Всё же особой щады он Петеряге не дал. Выпустил, надсадно стонущего, вперёд у самого болвана. Да и то – на полснегоступа. Новожилич сделал ещё шаг, закатил глаза и свалился. Встречавшие бросились – живой ли? Светел в тревоге прислушался к огоньку Петеряги: «Нешто совсем уморил…» Нет, огонёк гаснуть не собирался, так, слегка присмирел. Светел высоко выпрыгнул, разворачиваясь на лету, и побежал обратно. Не по растоптанному, по целику. Тропил добавочный след, вымещал недовольство, гнездившееся в душе.

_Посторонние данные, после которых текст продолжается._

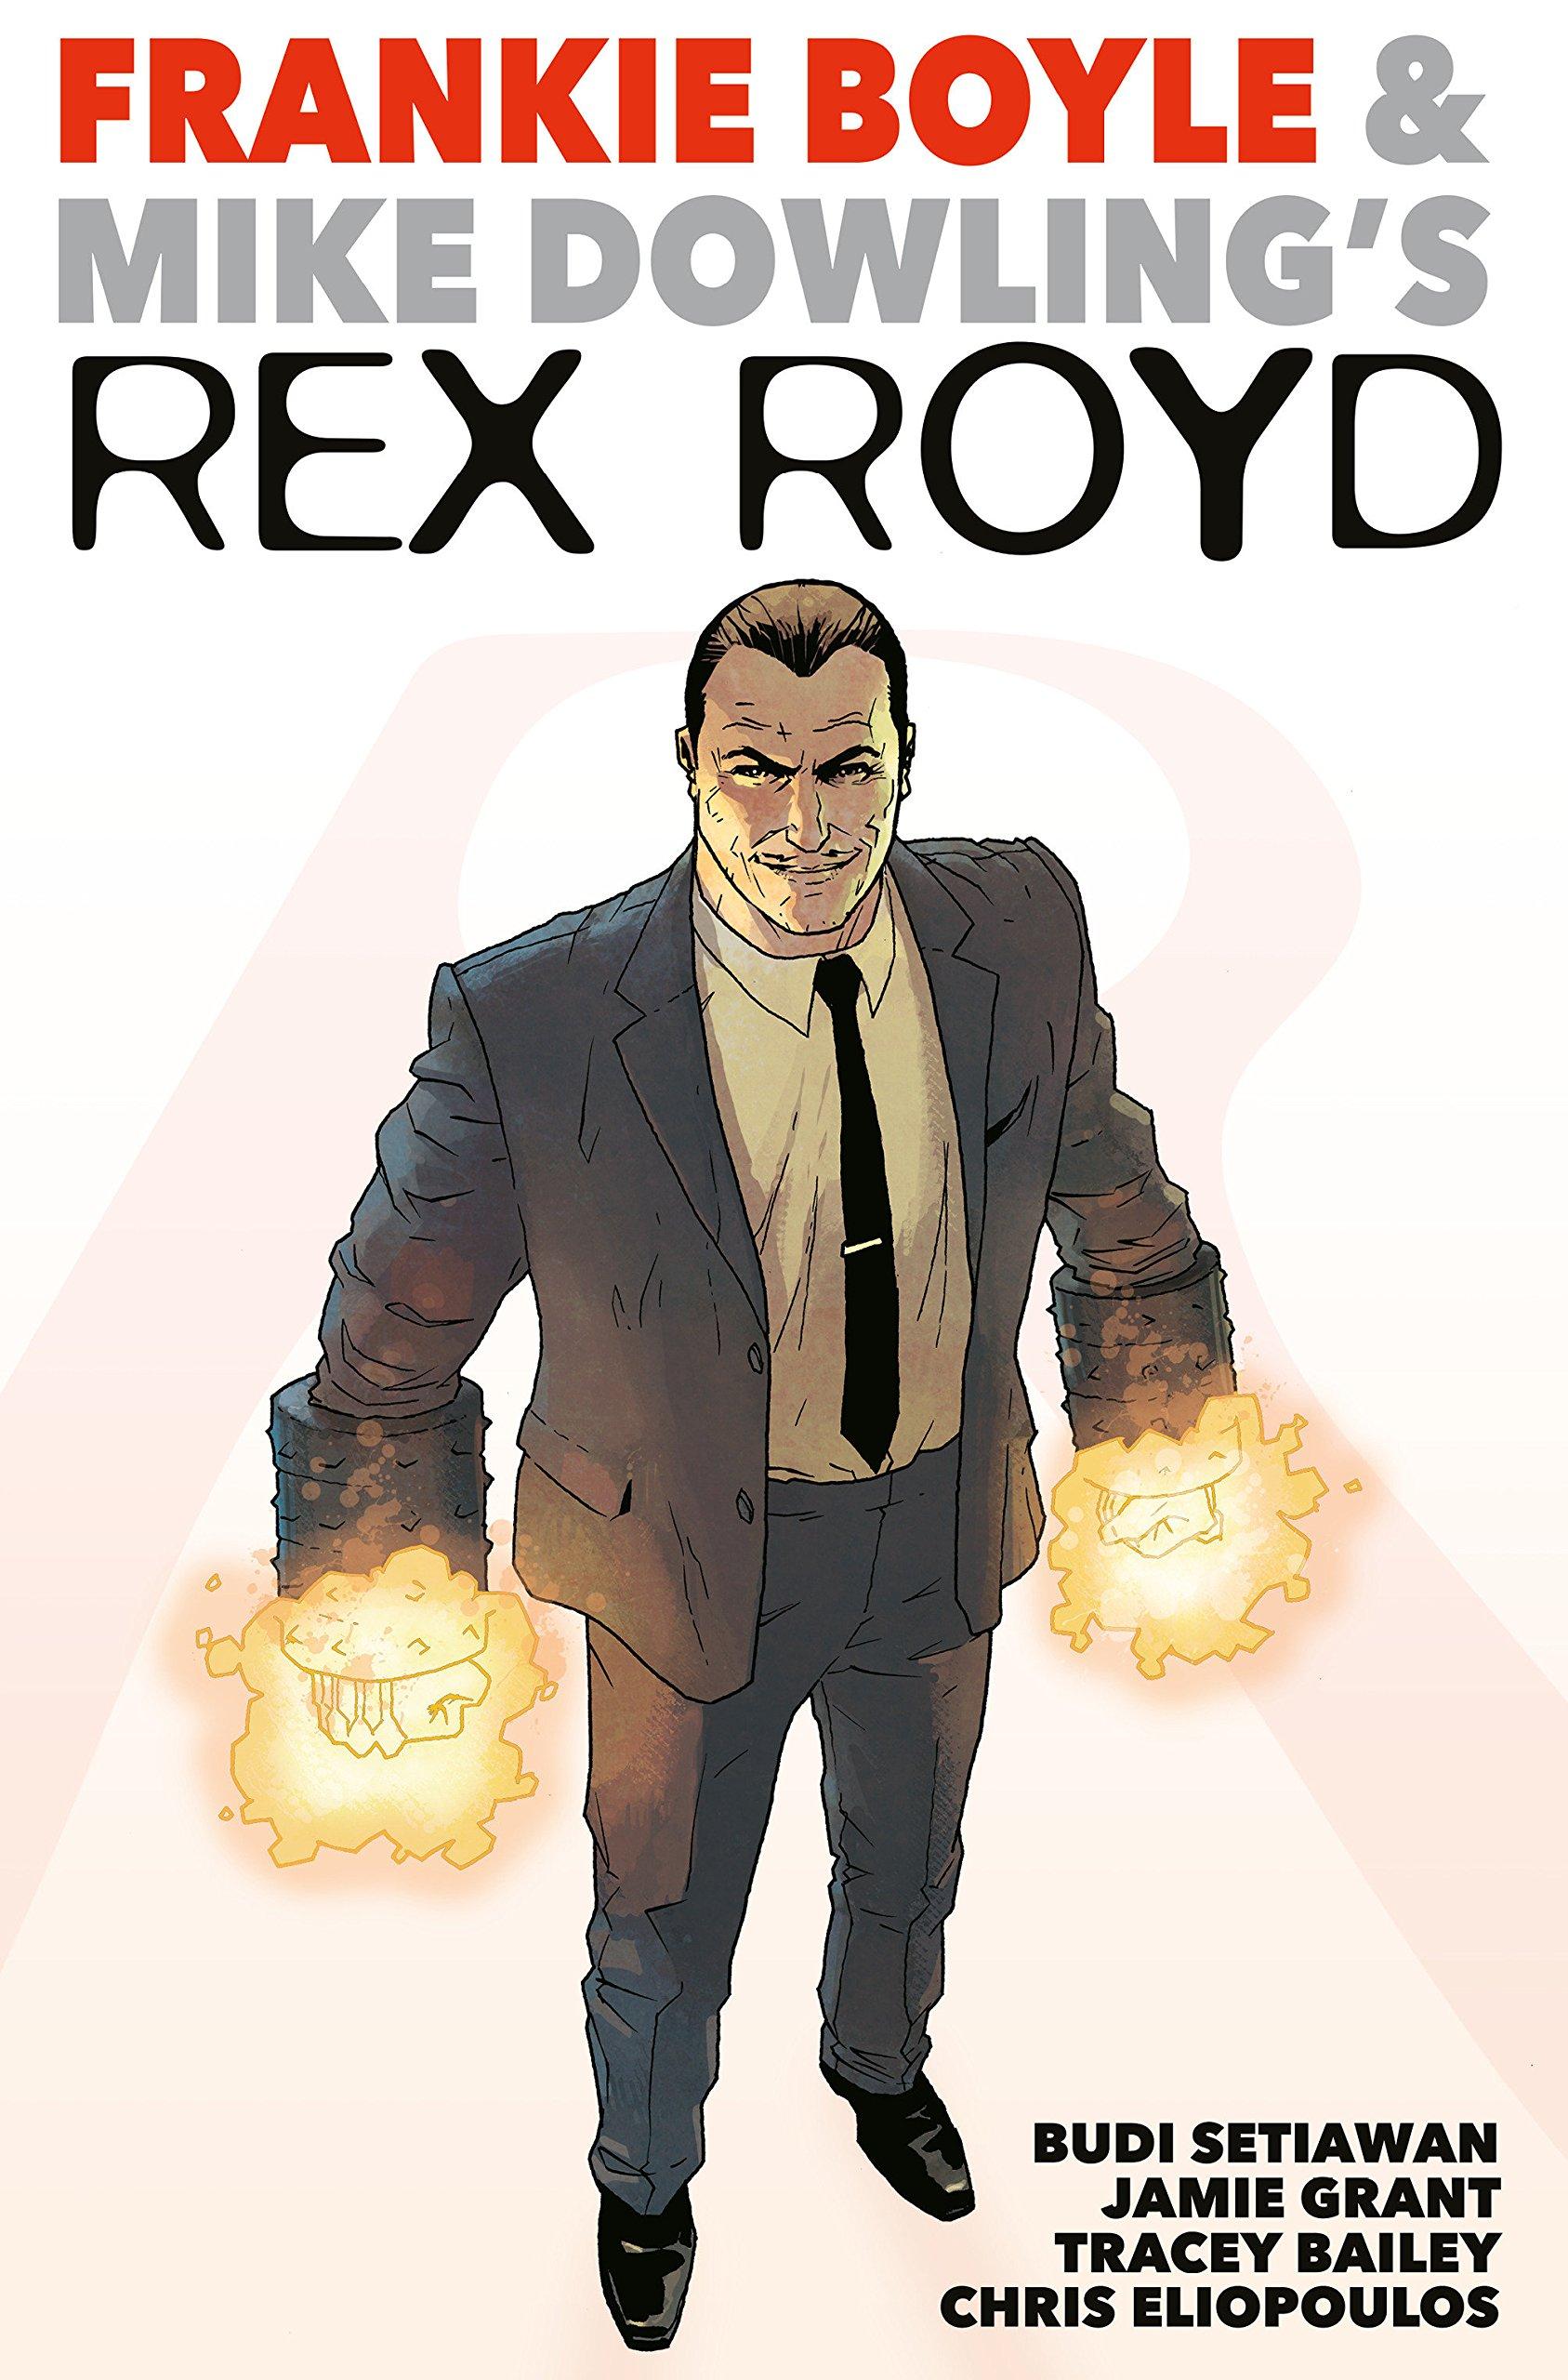 Rex Royd: Amazon.es: Boyle, Frankie, Muir, Jim, Dowling, Mike, Setiawan, Budi: Libros en idiomas extranjeros

Встретили его, конечно, прибаутками:
– Под горку скакал, на горку не взнял!
– Это тебе не девок мять, дикомыт!
– Иди себе, со скоморохами во гусли играй!
Голоса звучали пустовато. Все видели, как Петеряга у болвана едва оживал, пробовал сесть. И как прибежал назад Светел, тоже все видели.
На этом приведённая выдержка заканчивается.